Itulah saat pertama kali dan hanya pernah terjadi sekali, pemerintah Australia menerima tahanan politik negara lain di dalam penjaranya. Selama tahun 1943 sampai bulan Juni, sejarah ini adalah sejarah kerjasama kekuasaan Hindia Belanda dengan kekuasaan Australia. Baru pada tahun 1944 dan 1945 hampir semua tahanan politik itu dibebaskan dari Cowra dan bisa bergerak bebas di masyarakat Australia –kecuali 17 tahanan yang dianggap keras kepala oleh pihak Belanda. Ketujuhbelas orang itu dikembalikan ke Tanah Merah di Papua pada tahun 1945.
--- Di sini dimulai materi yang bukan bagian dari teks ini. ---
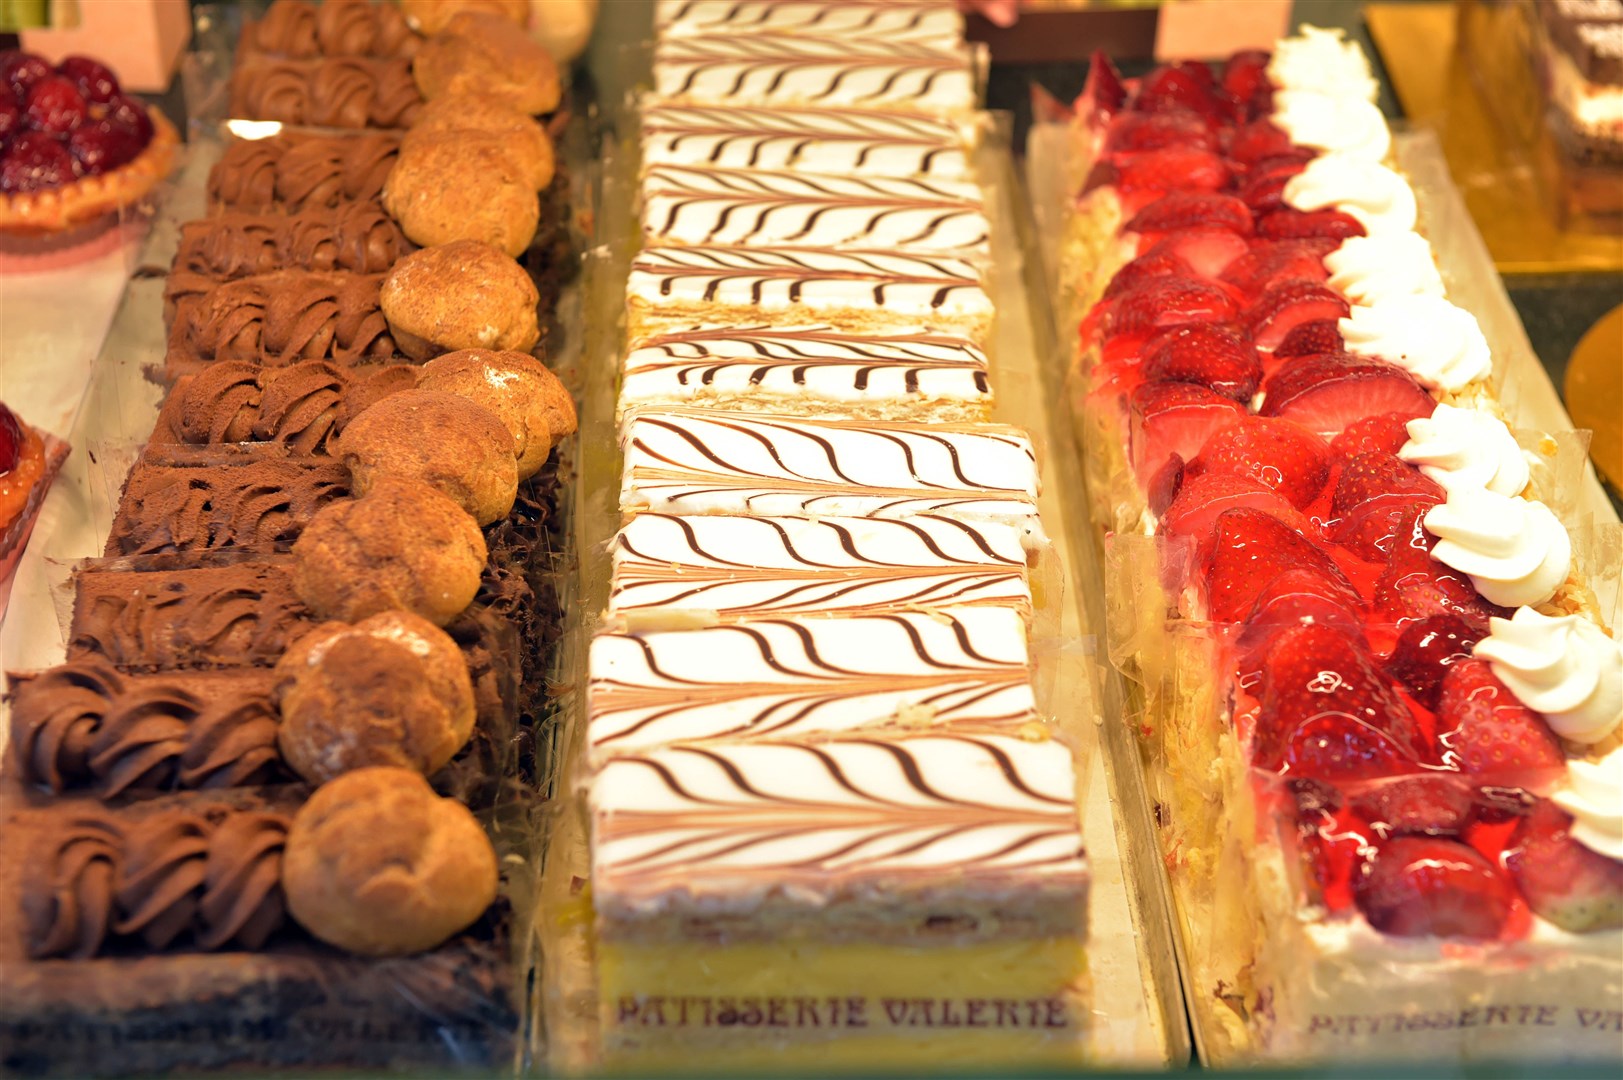 Patisserie Valerie cakes on display in a central London shop window (Nick Ansell/PA)

Dari sejarah bisa diketahui kalau pembebasan kaum pergerakan yang jadi tahanan politik tersebut merupakan hasil kerjasama antara tahanan politik itu sendiri dan orang-orang Indonesia lain yang sedang berada di Australia bersama organisasi rakyat Australia. Dalam proses itu yang berperan adalah organisasi hak azasi, gereja, serikat buruh, anggota biasa dari Partai Buruh, Partai Komunis Australia dan organisasi mahasiswa. Para buruh Australia yang bekerja pelabuhan pun melakukan pemogokan menolak membongkar muat barang bawaan kapal-kapal milik Belanda.
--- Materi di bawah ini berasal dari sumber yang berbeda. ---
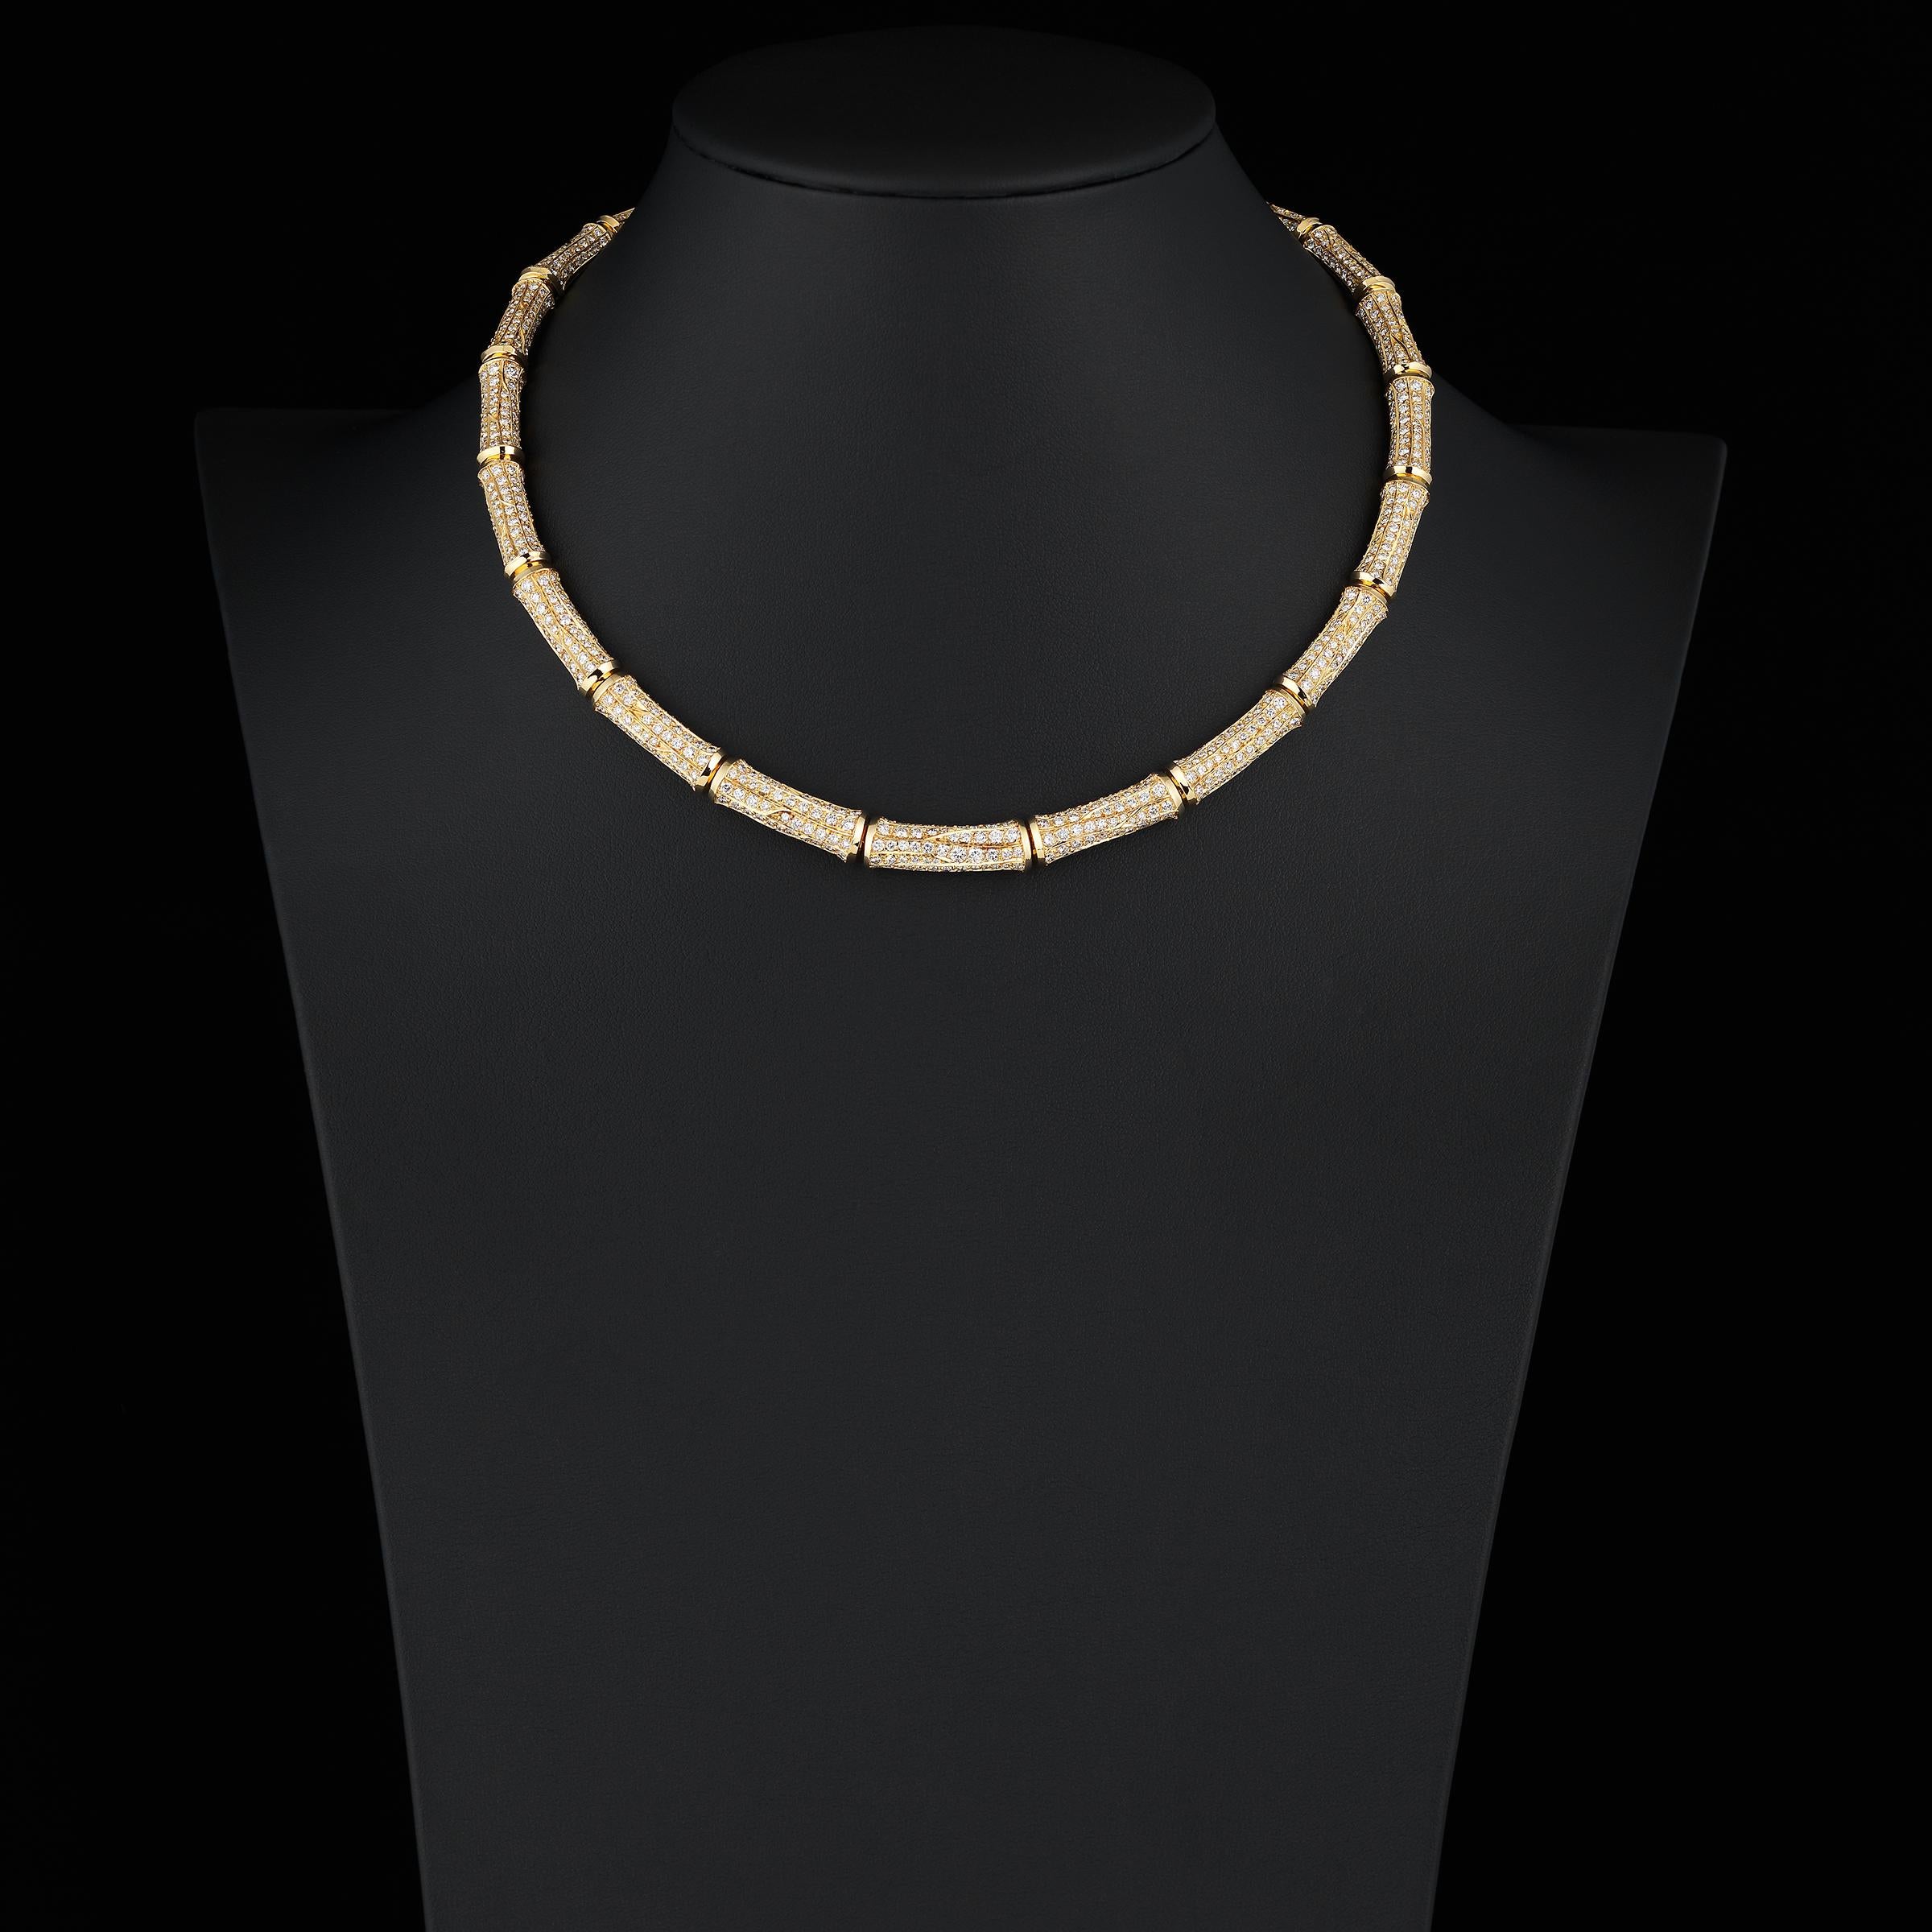 Cartier Bamboo 20cts Diamond Necklace in 18 Karat Gold In Excellent Condition For Sale In Dallas, TX

Kerjasama bersejarah itu juga melahirkan sebuah assosiasi baru bernama Australia Indonesia Association. Sejarah kerjasama rakyat dengan rakyat itu melahirkan banyak cerita baru yang menarik, berbeda dengan hubungan penguasa dengan penguasa yang berulangkali melanggar prinsip demokrasi sampai sekarang pun. Itulah sisi lain dari cerita dukungan Australia terhadap kemerdekaan Indonesia.